Even without El Niño, the global picture for food security is bleak. Malnutrition is a leading cause of childhood death in poor countries, with 161 million under-fives chronically malnourished. Now new evidence from the Horn of Africa shows malnutrition among disabled children is much worse than previously thought. This is a region likely to feel El Niño’s impact keenly, so the sooner action can be taken to protect children, the better.  

Turkana-Kenya (1).jpg

A study my team and I published last month examines the link between malnutrition and childhood disability in Turkana in northwest Kenya. [1] Turkana is the poorest county in Kenya. It is battling drought and suffers high levels of chronic food insecurity, with widespread malnutrition: 1-in-3 children without disabilities are malnourished. By comparison, the new data shows that a staggering 54 per cent of children with disabilities are malnourished.

There are several reasons for this — meaning interventions to tackle it can take different approaches or ‘entry points’. Firstly, lunch: this is the main meal of the day for many children, provided through a school feeding programme, but out of reach for those disabled children who do not go to school.

The obvious way to address this is to get more kids into school. But relief organisations will also need to go the extra mile to reach children with disabilities often missed by school lunch programmes. For example the Sangath NGO in Goa, western India, supports pre-school children with special educators, home care and community health workers.

Secondly, the nature of disabilities themselves can make eating a challenge. Children with cerebral palsy or cleft palate, for example, may have difficulties chewing or swallowing. Parents can easily end up sidelining their disabled offspring at mealtimes, particularly in the large families common in Kenya and many other developing countries.
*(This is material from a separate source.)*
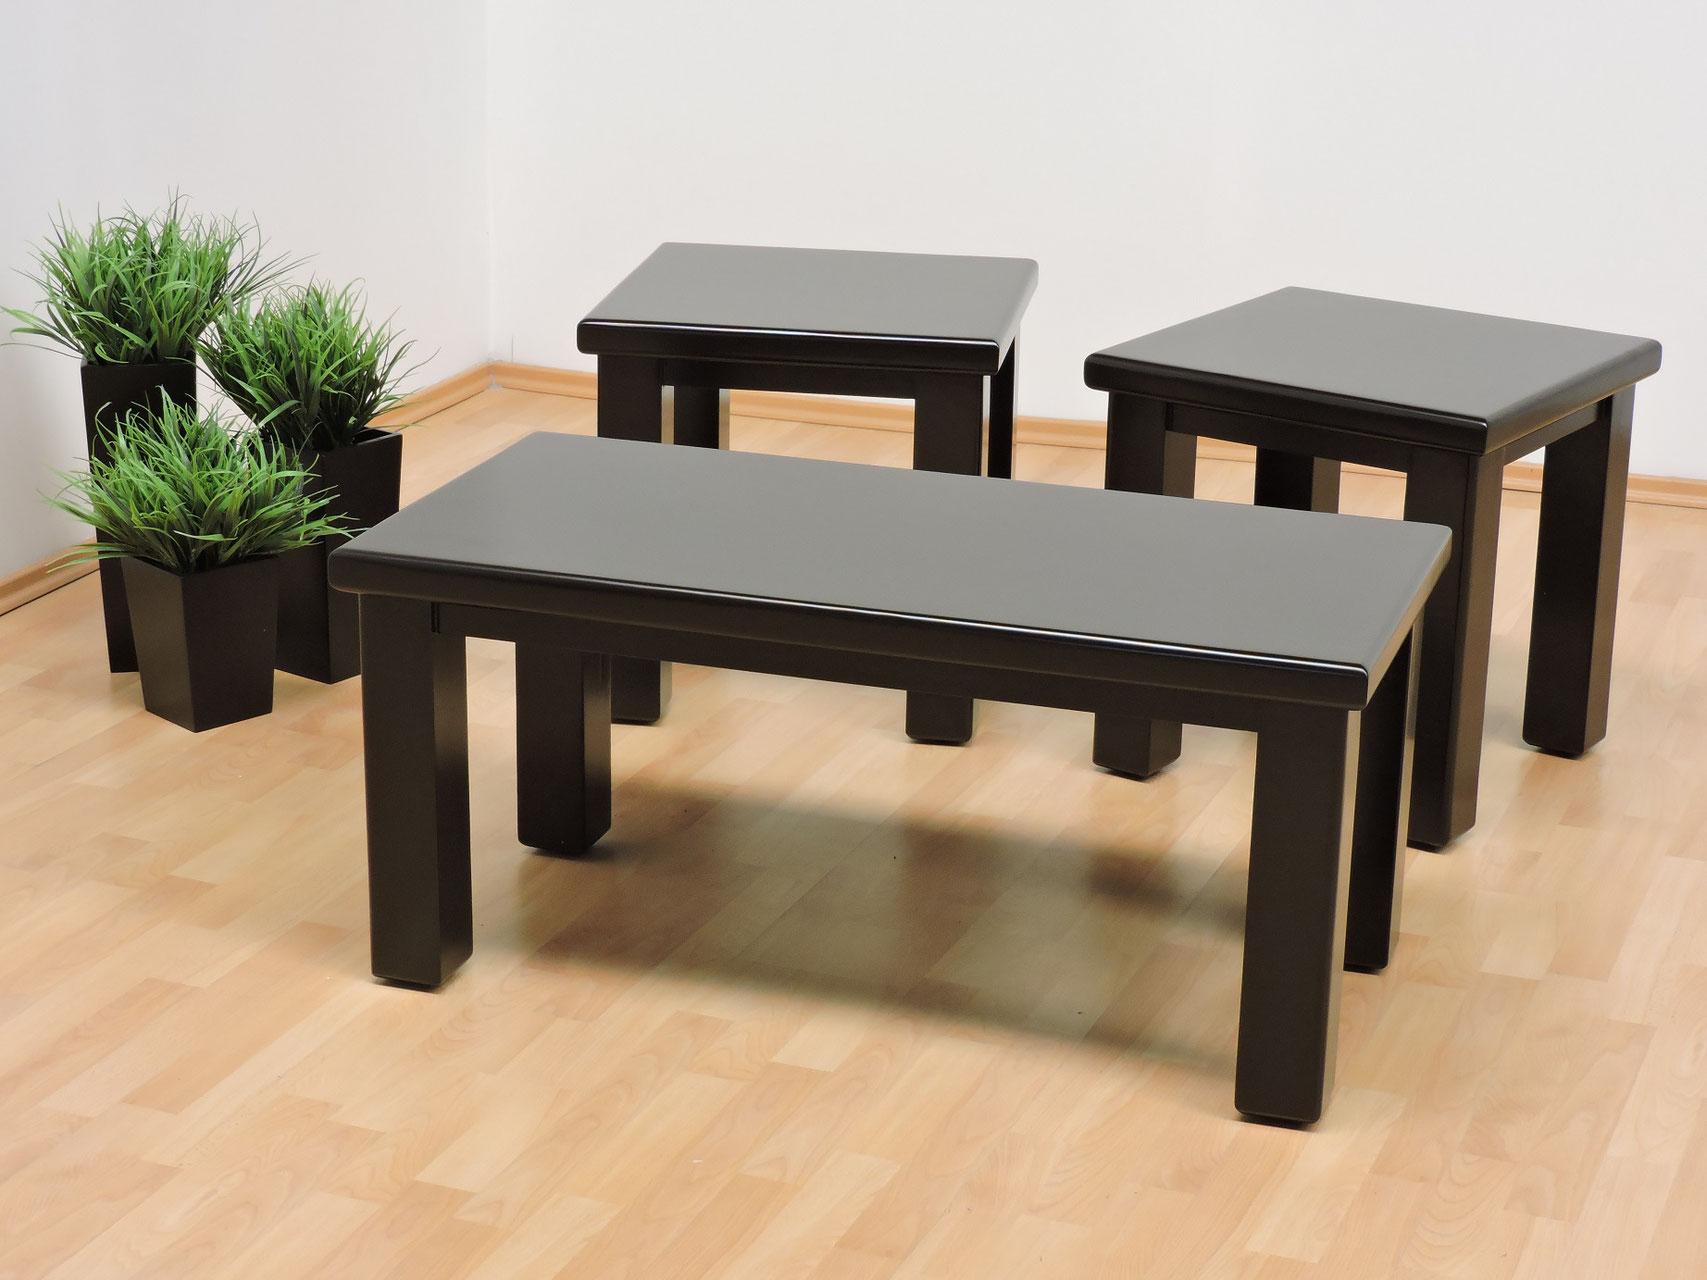 Mesas para sala muebles gm muebles de madera for Mesas de madera para sala
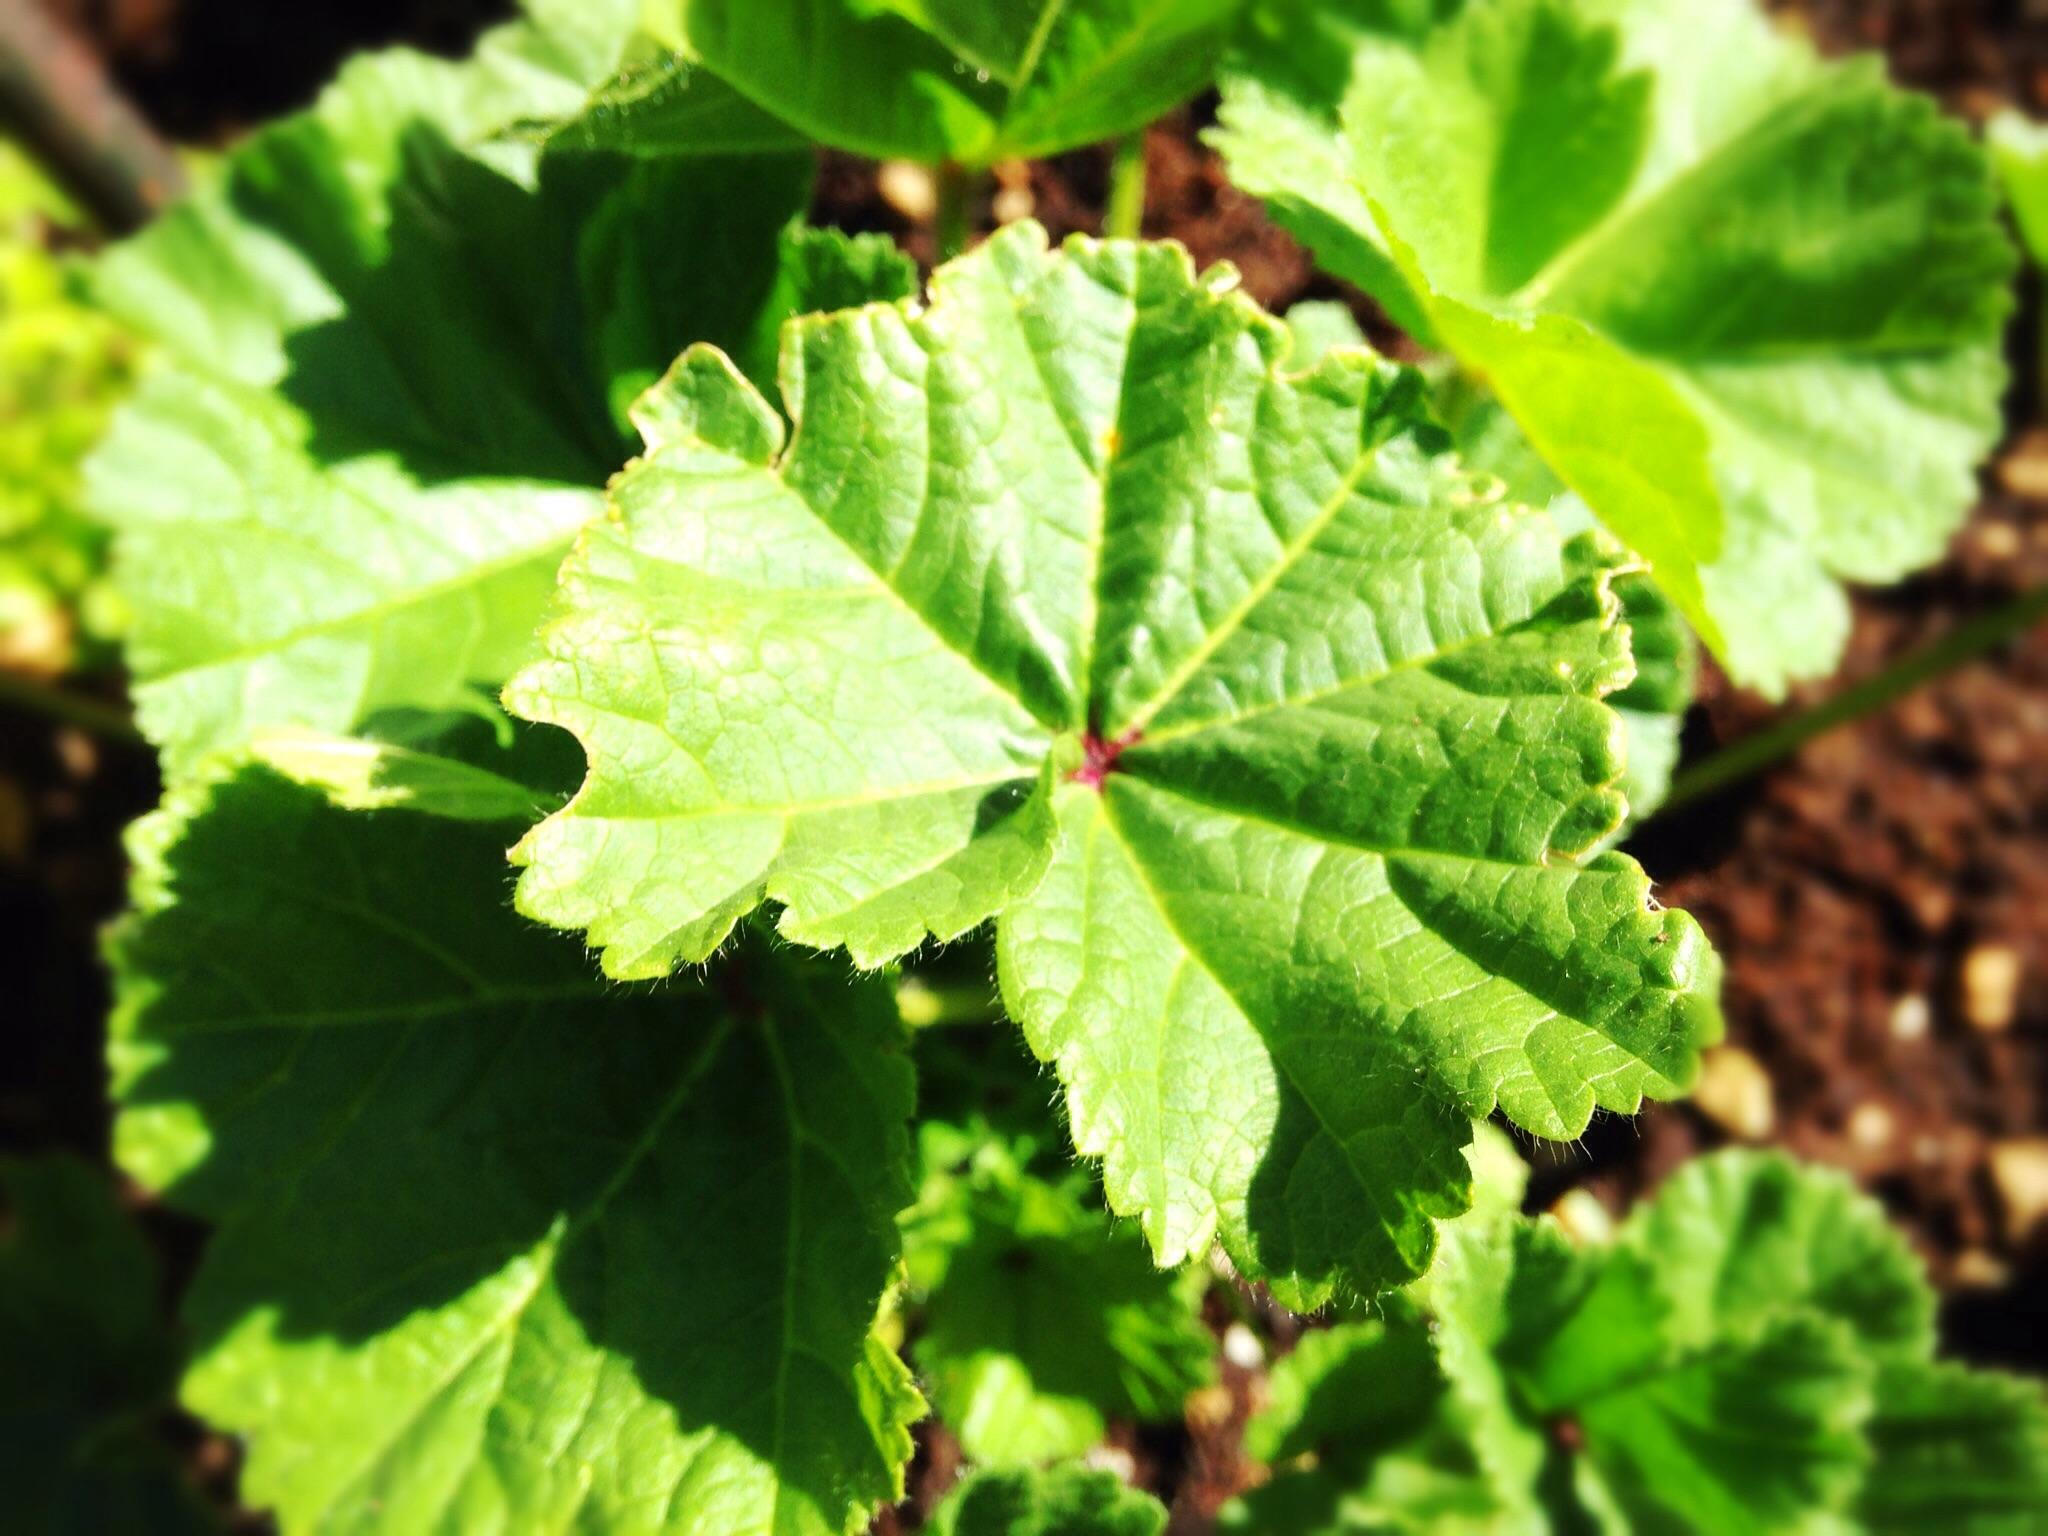 erbe spontanee commestibili erbe di campo camomilla tarassaco margherita pratolina

Training can help here. The Getting to Know Cerebral Palsy programme is one global example. The first step is to establish groups of parents of children with cerebral palsy in the community. They meet regularly and trainers come and run sessions on different topics, including ways of feeding affected children and the best type of diet.

There are also massive opportunities for strengthening such programmes through smartphones. As smartphone availability increases, training can become more mobile-phone based — and this will both widen access, reduce the funding and resources needed for training, and provide a resource for users to refer back to when needed. Smartphone apps have been improving patient care and rehabilitation for those affected by strokes, with pilots in India showing they are popular with patients and carers. Training apps could also transform disability care.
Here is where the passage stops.